In order to more clearly illustrate the technical solutions of the embodiments of the present application, the drawings needed in the description of the embodiments will be briefly introduced below, and it is obvious that the drawings in the following description are some embodiments of the present application, and other drawings may be obtained according to these drawings without inventive effort for a person skilled in the art.

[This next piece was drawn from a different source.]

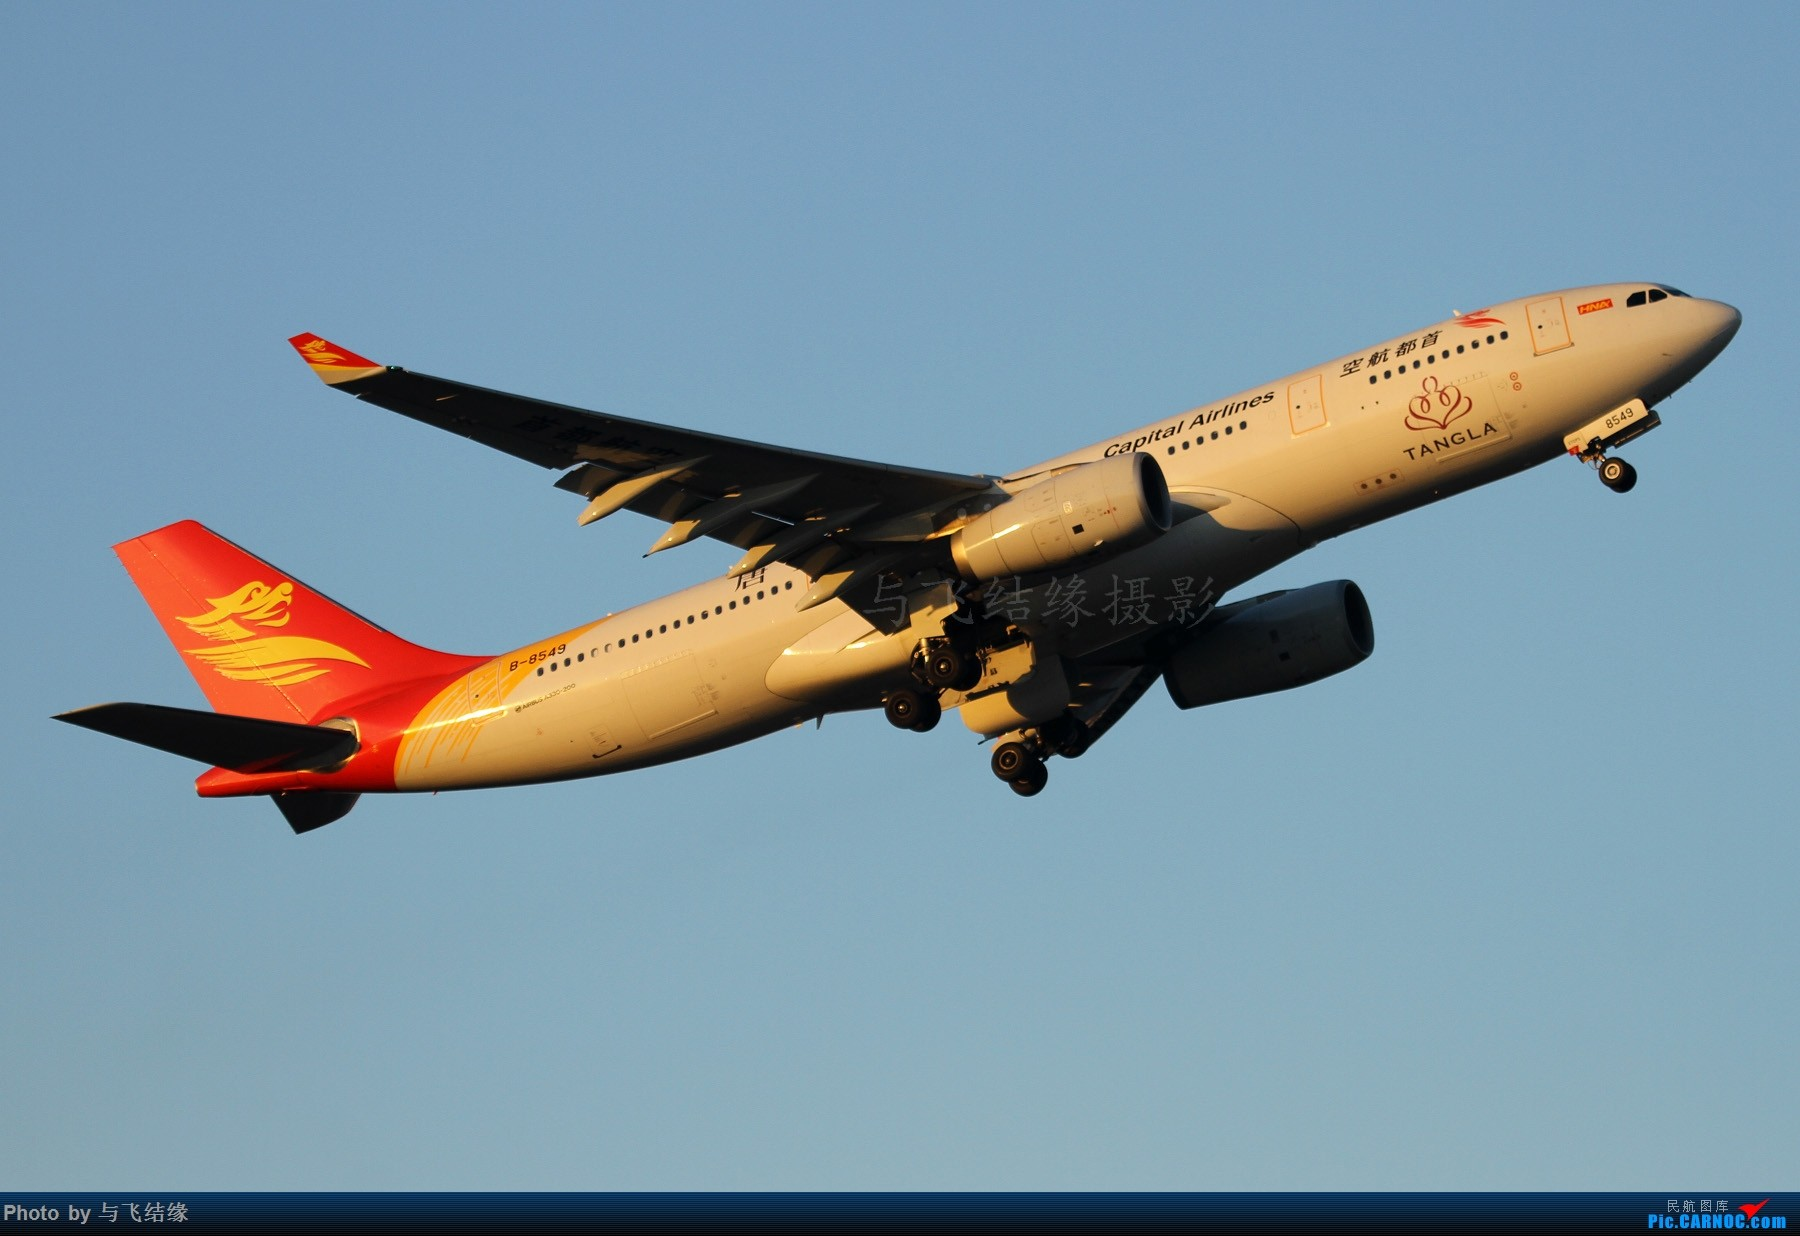 "Re:[原创]""早起的鸟儿有虫吃""祥鹏航空,美佳航空,土库曼斯坦航空等! AIRBUS A330-200 B-8549 中国北京首都国际机场"

FIG. 1 is a schematic diagram of an information handling system according to an embodiment of the present application;

fig. 2 is a schematic flow chart of an information processing method according to an embodiment of the present application;

fig. 3a is a schematic structural diagram of acquiring search information according to an embodiment of the present application;

FIG. 3b is an interface diagram of a video search interface according to an embodiment of the present application;

fig. 4 is a schematic flow chart of an information processing method according to an embodiment of the present application;

FIG. 5 is a schematic flow chart of training a pre-training model according to an embodiment of the present application;

fig. 6 is a schematic structural view of an information processing apparatus according to an embodiment of the present application;

fig. 7 is a schematic structural diagram of a computer device according to an embodiment of the present application.

Detailed Description

The following description of the embodiments of the present application will be made clearly and fully with reference to the accompanying drawings, in which it is evident that the embodiments described are some, but not all, of the embodiments of the present application. All other embodiments, which can be made by one of ordinary skill in the art without undue burden from the present disclosure, are within the scope of the present disclosure.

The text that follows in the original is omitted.